We called it The Hanging Tree, of course we did. We were a couple of ghouls, my brother and me: dissecting frogs, shoving pins through butterflies and, one gloriously unforgettable day, we gawped at a man hanging from the old chestnut tree.
Mum told us not to use that path to school anymore, we had to go the long way round. But, in a sweet sweat of anticipation we used to sneak along the forbidden path and crouch in the long grass, taking care to avoid the nettles and the places where the dogs had messed, hoping for a glimpse of the murderer.
He wasn’t murdered, said a boy in my class. Well, the swinging man’s ghost then, I said. Yes, he said, we might see his ghost because his tormented soul wasn’t at rest.
We loved that, ‘his tormented soul’, and we looked it up in the dictionary. It seemed to us that the dead man, with his purple face and popping eyes, wasn’t the only tormented soul. Our mother would join other mothers on the street corner to talk in low voices and cast troubled glances in the direction of the house with the Hanging Tree in its back garden.

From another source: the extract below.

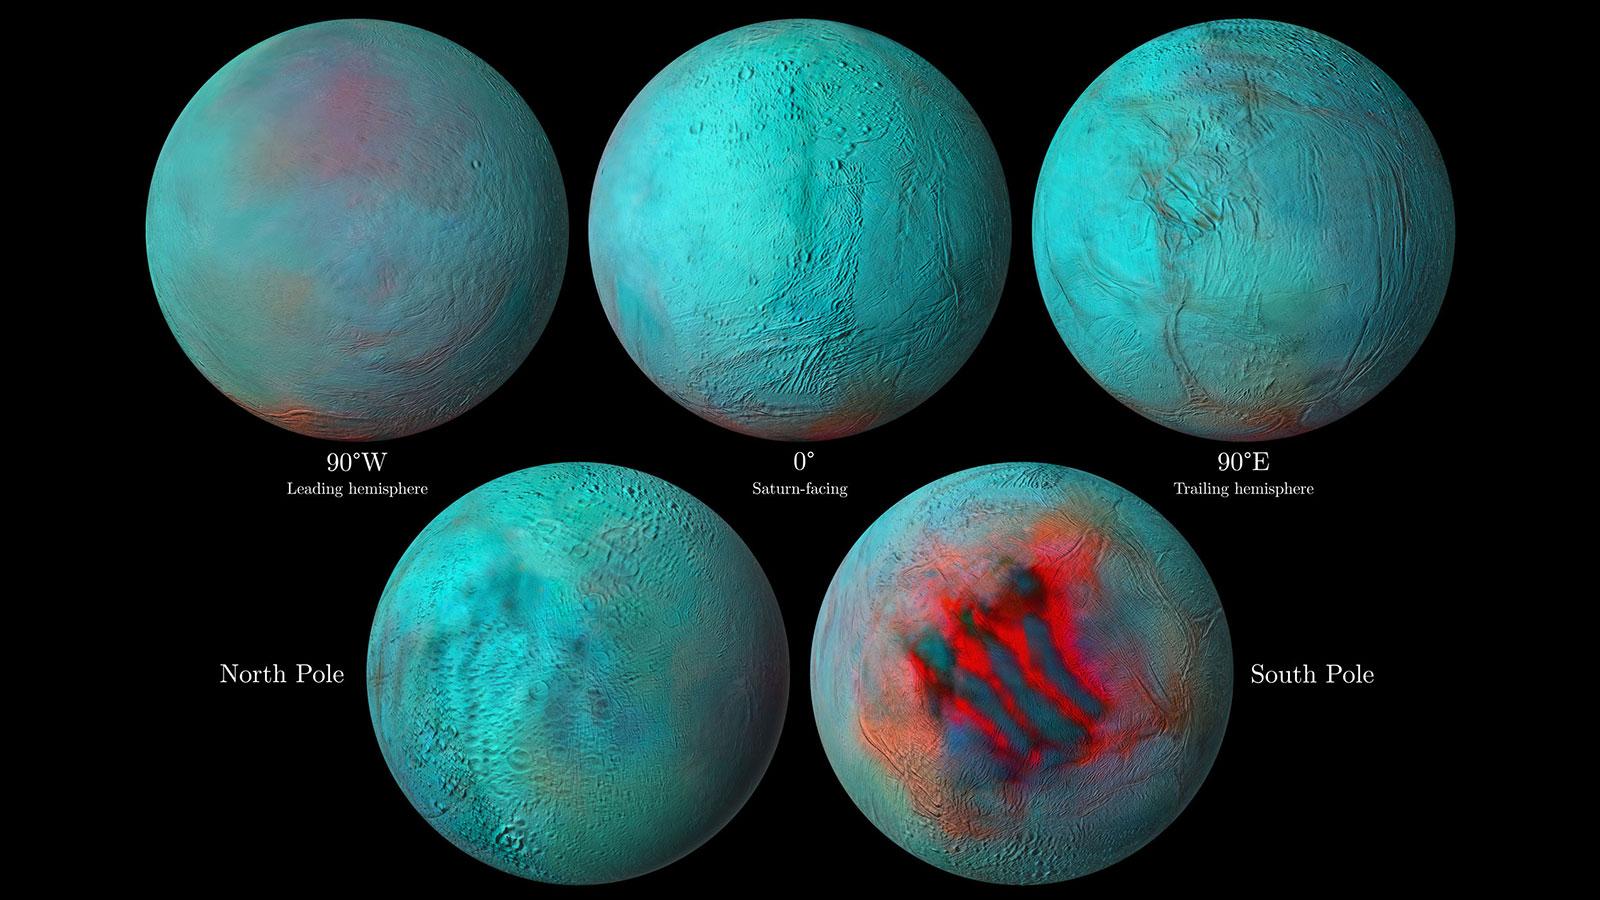 Создана интерактивная карта спутника Сатурна

Mum made us promise, cross our hearts and hope to die, to never, ever talk to the widow, even if she looked really sad. But my brother reckoned that his Boy Scout promise to help other people trumped any promises we made to our parents. One day, he went through the gate from the overgrown, forbidden pathway to help the widow look for her lost cat.
They found it, fast asleep on the widow’s candlewick bedspread, where it had been all the time.

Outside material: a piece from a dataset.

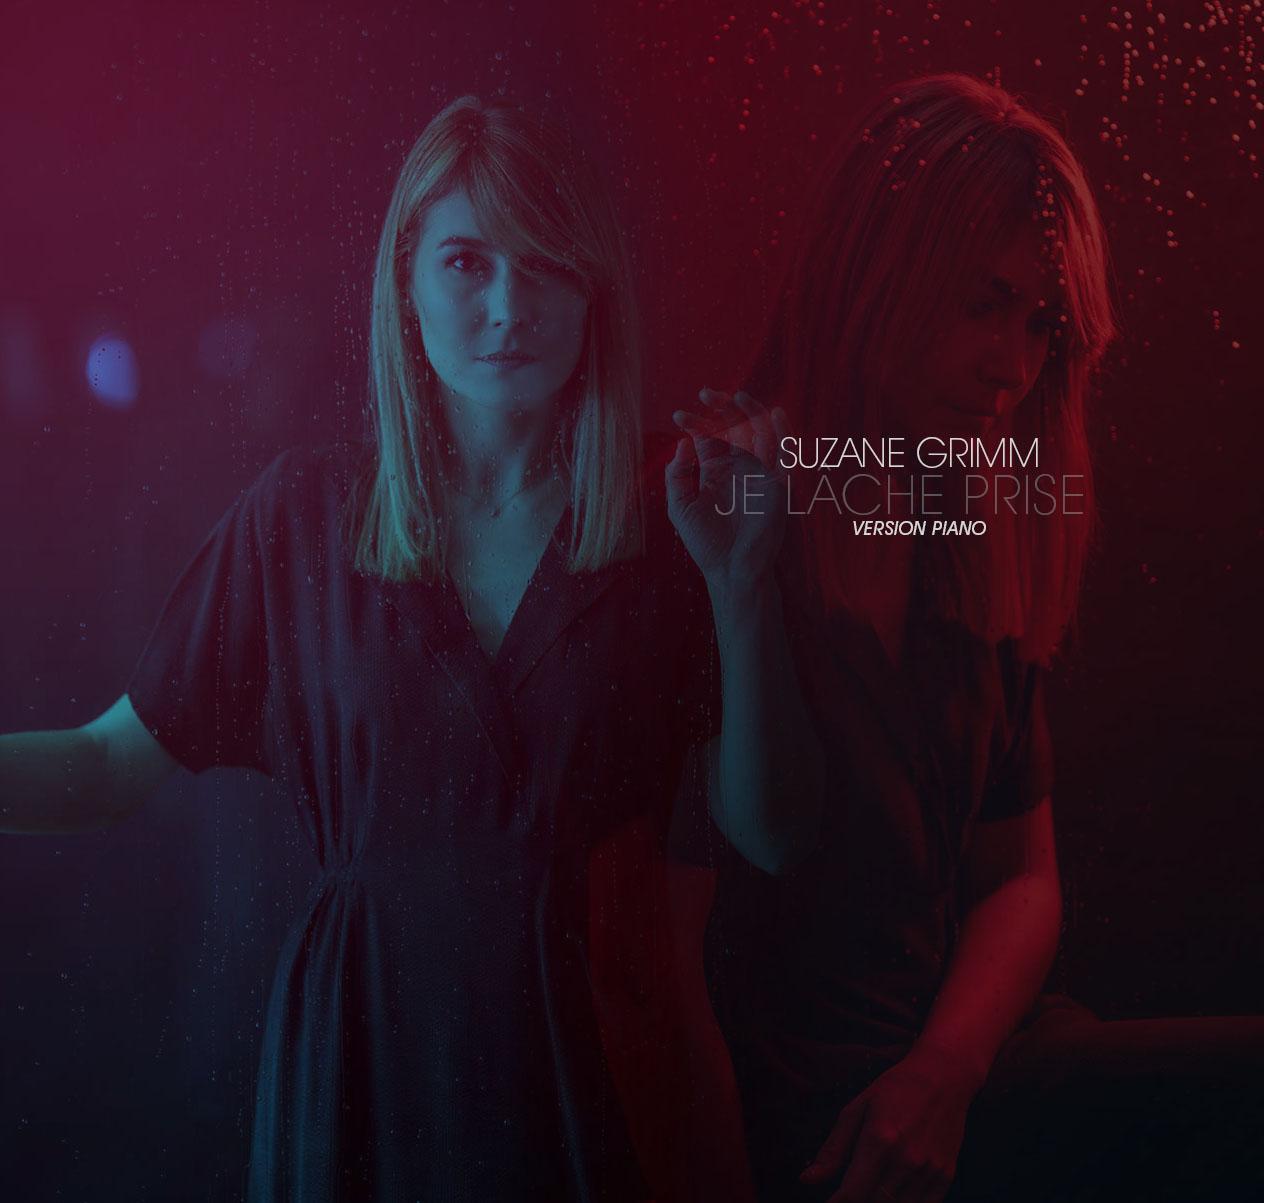 suzane-grimm-Laurent-Scavone

Things moved quickly after that. Dad made a lot of phone calls and strangers came to look over the house, taking measurements and talking about carpets and curtains.
I last saw the widow in Boots, a few days before we moved away. She was buying red nail varnish and she asked me if I thought the colour would suit her. I couldn’t answer; my mouth was all dry and the way she looked at me made me feel funny, sort of ashamed, as if I’d told a lie.
I ran all the way home wondering why, if the man didn’t like his wife and her red nail varnish anymore, he hadn’t just moved away, instead of hanging himself from the old chestnut tree.